_MATERIALS PROVIDED_
* * *
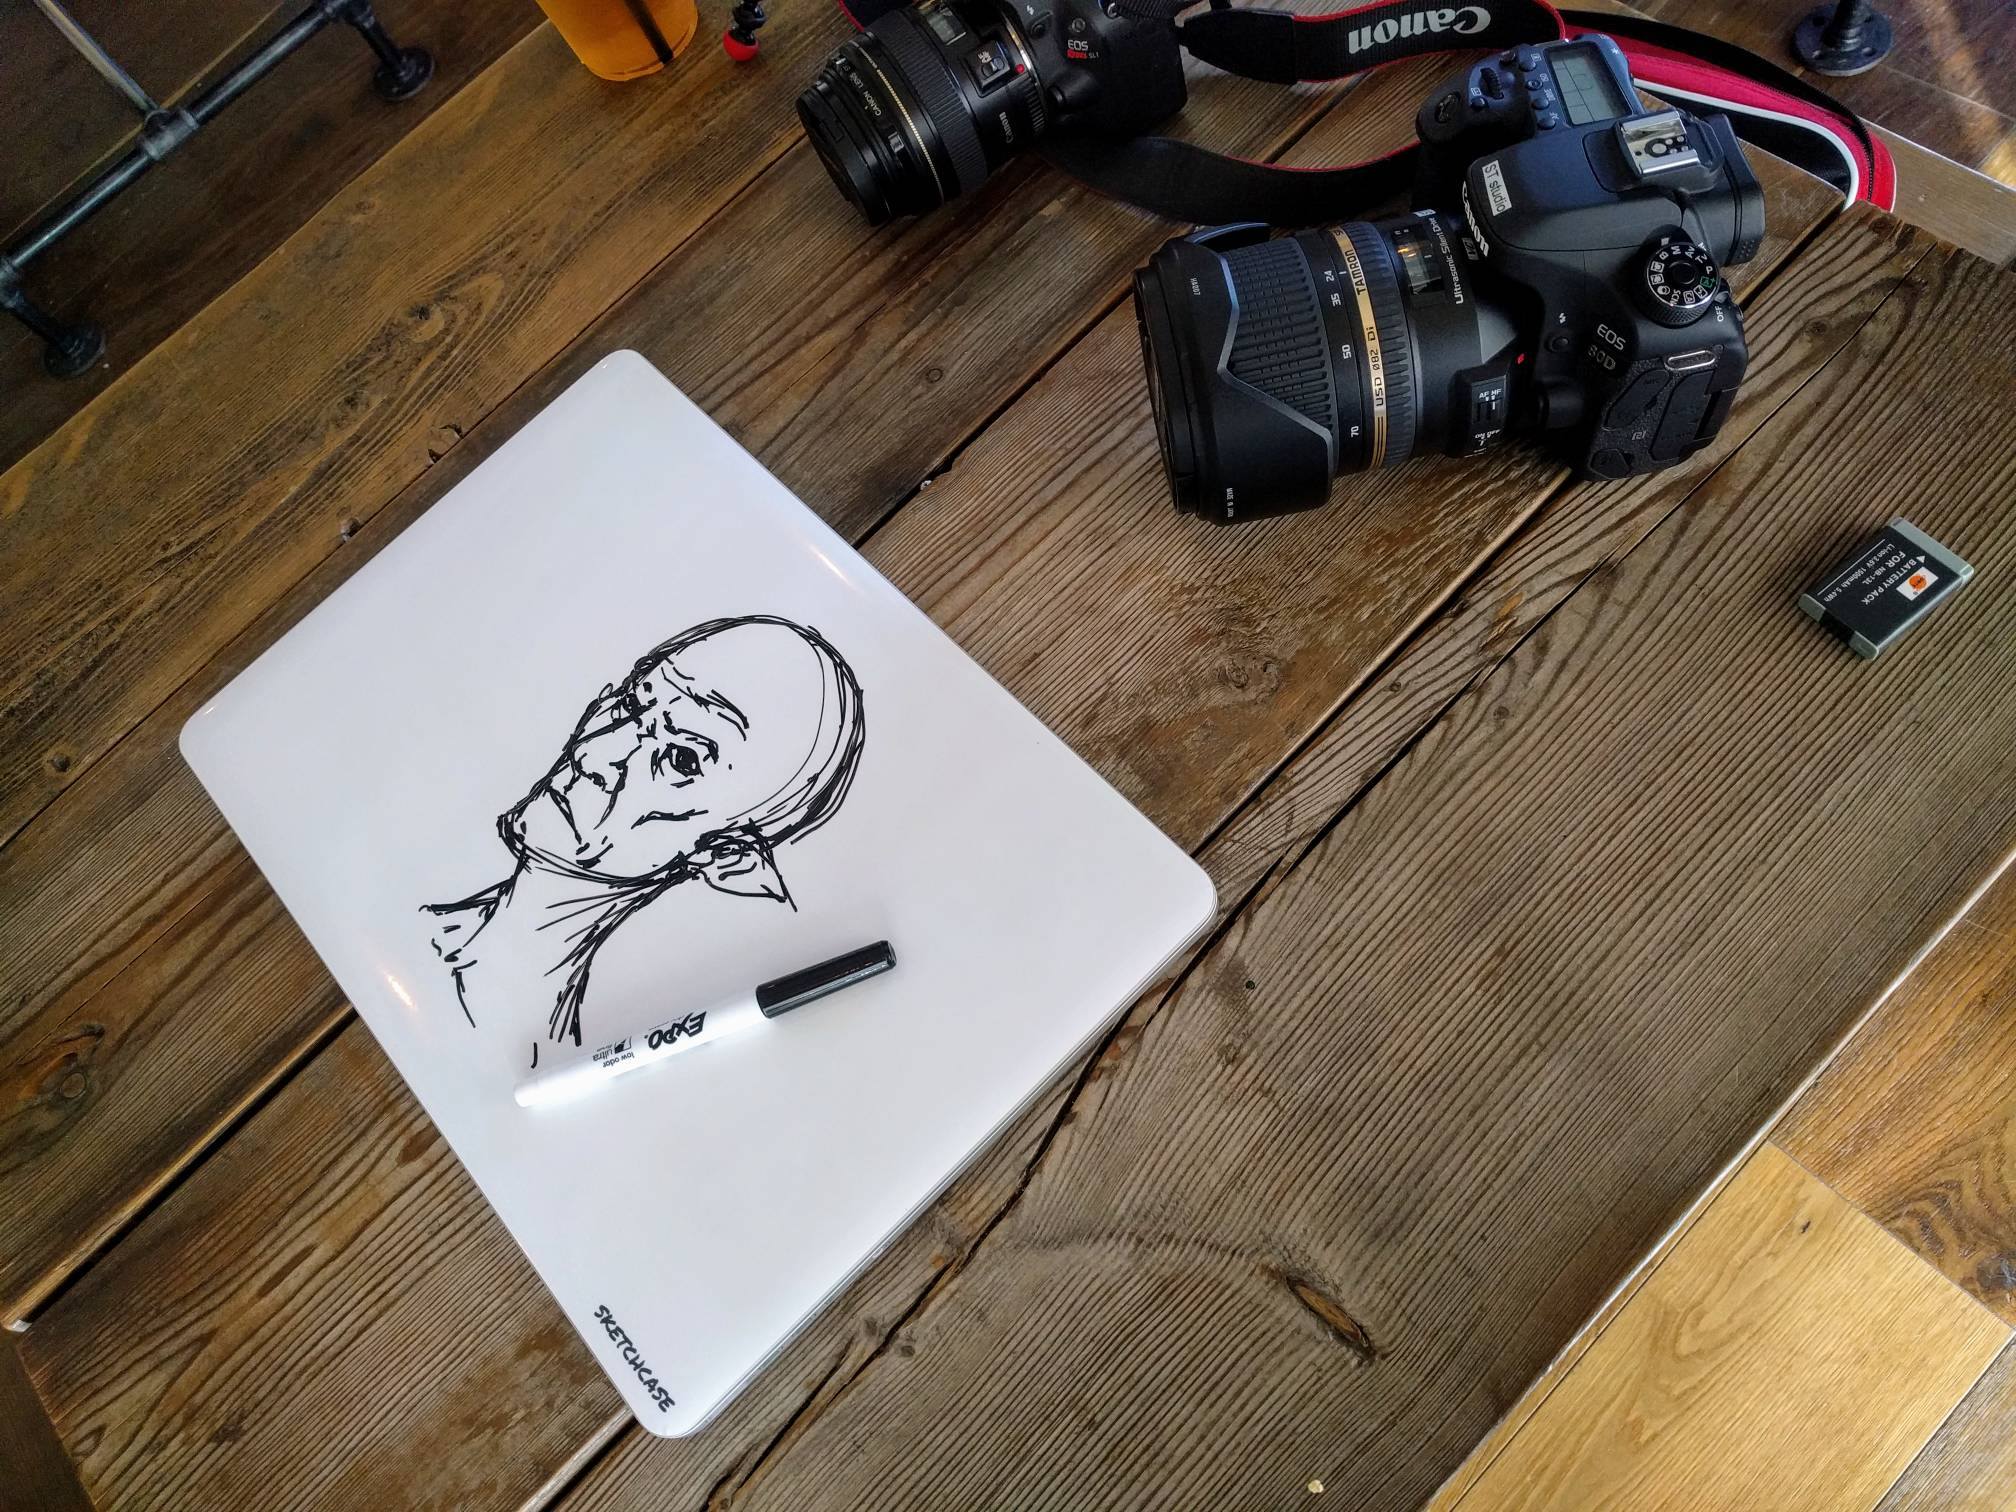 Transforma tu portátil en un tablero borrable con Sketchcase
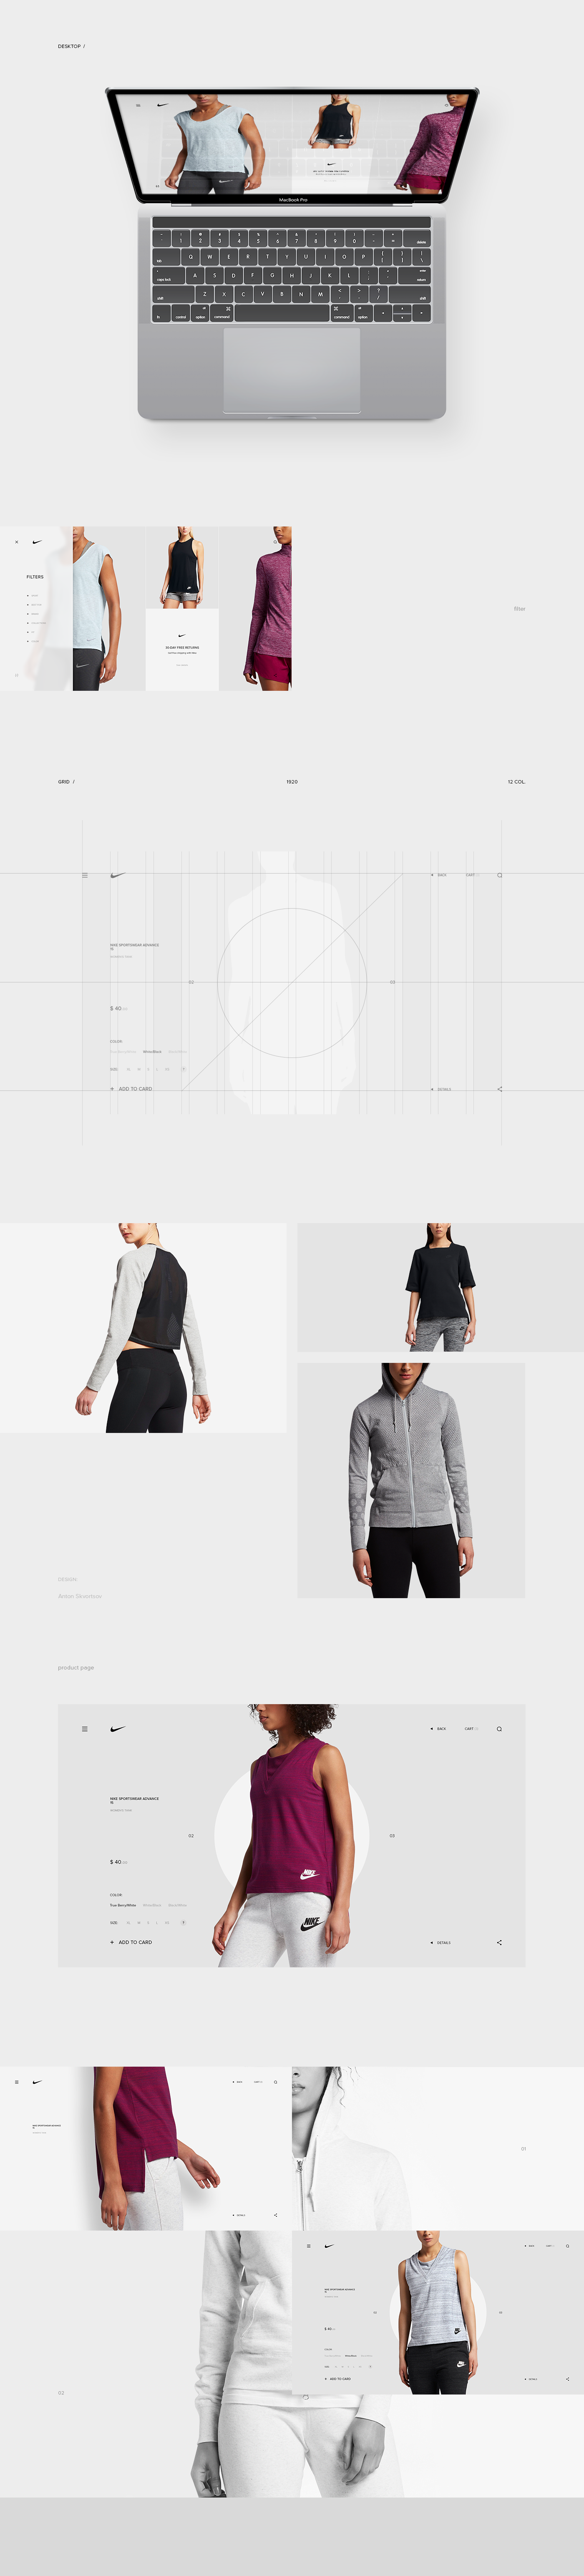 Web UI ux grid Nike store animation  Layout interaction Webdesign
* * *
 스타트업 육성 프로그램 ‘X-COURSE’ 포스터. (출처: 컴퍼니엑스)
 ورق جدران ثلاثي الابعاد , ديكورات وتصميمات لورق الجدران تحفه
* * *
_WORK TO COMPLETE_
From the records above, give again exactly the lines running from the line with "스타트업 육성 프로그램 ‘X-COURSE’ 포스터. (출처: 컴퍼니엑스)" to the line with "ورق جدران ثلاثي", inclusive.

_EXERCISE RESPONSE_
 스타트업 육성 프로그램 ‘X-COURSE’ 포스터. (출처: 컴퍼니엑스)
 ورق جدران ثلاثي الابعاد , ديكورات وتصميمات لورق الجدران تحفه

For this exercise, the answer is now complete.